Medieval castle in Eastern Anatolia, Turkey

Hoşap Castle (Hoşap kalesi, Kela Xoşebê, Խոշաբ բերդ) is a large 17th-century castle located in the village of Hoşab, Gürpınar District, Van, Turkey. It is at a distance of approximately 50 km to the city center of Van.

== History ==
The castle was built upon the foundations of a medieval Armenian fortress, preceded by an Urartian stronghold, with the eastern stretches and towers preserving the layout of the original Armenian structure. The Armenian structure had only two walls, one located near the keep and one at the present-day intermediate walls. Most of the surviving masonry, including the entrance tower and outer walls, was built or rebuilt in 1649 by Sarı Süleyman Bey, chief of the Kurdish Mahmudi tribe. The Mahmudi tribe which occupied the fortress of Hoşap were originally of Yezidi origin and migrated to the region from the Jazira Region. Hoşap means "fresh water" in Persian. The fortress received its name from the river of the same name. It was mentioned by 13th century Arab chronicler Yakut by the name Khavshab in the Ashevatsyats province of Vaspurakan.
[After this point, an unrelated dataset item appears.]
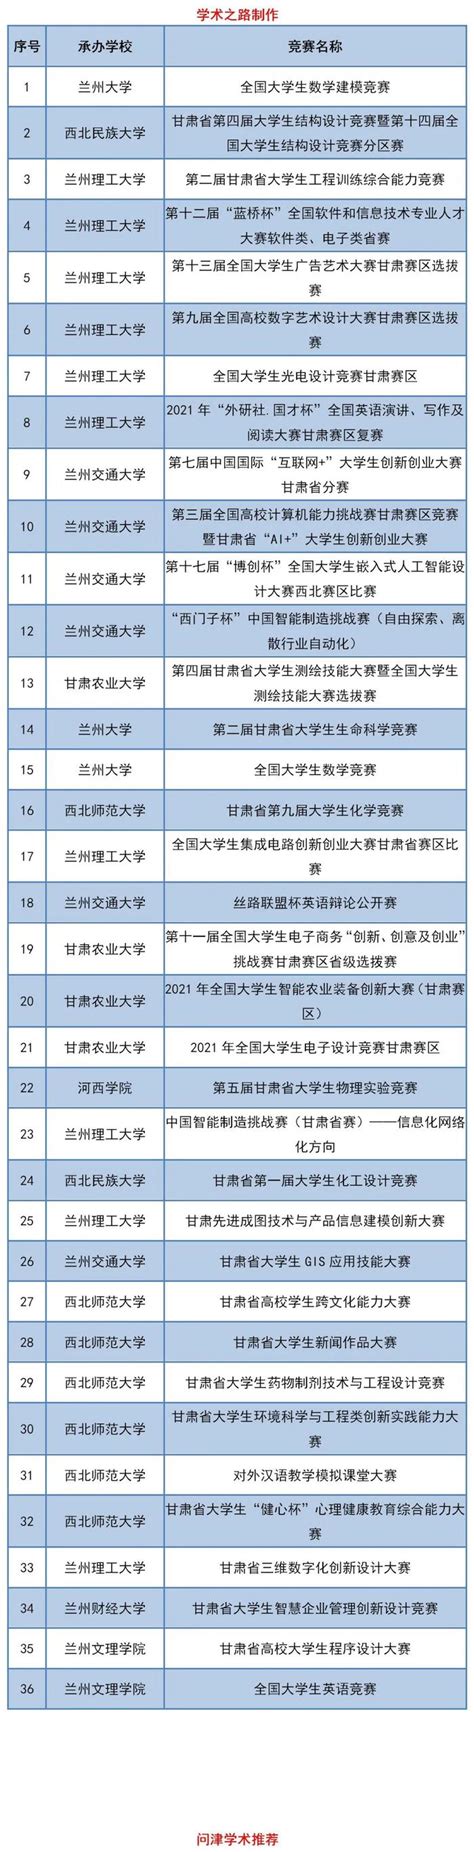 甘肃省教育厅关于2021年省级大学生学科专业竞赛项目的公示

The former town of Hoşap lay on the flat ground north of the castle rock and in the enclosed space on the opposite side of the castle from the road; the present village extends into this space. The town was defended at one corner by the castle and elsewhere by a wall, which originally started from the ends of the castle’s two cliffs. Built of mud, and toothed with the remains of mud battlements, the wall of the early Ottoman period can still be seen in stretches.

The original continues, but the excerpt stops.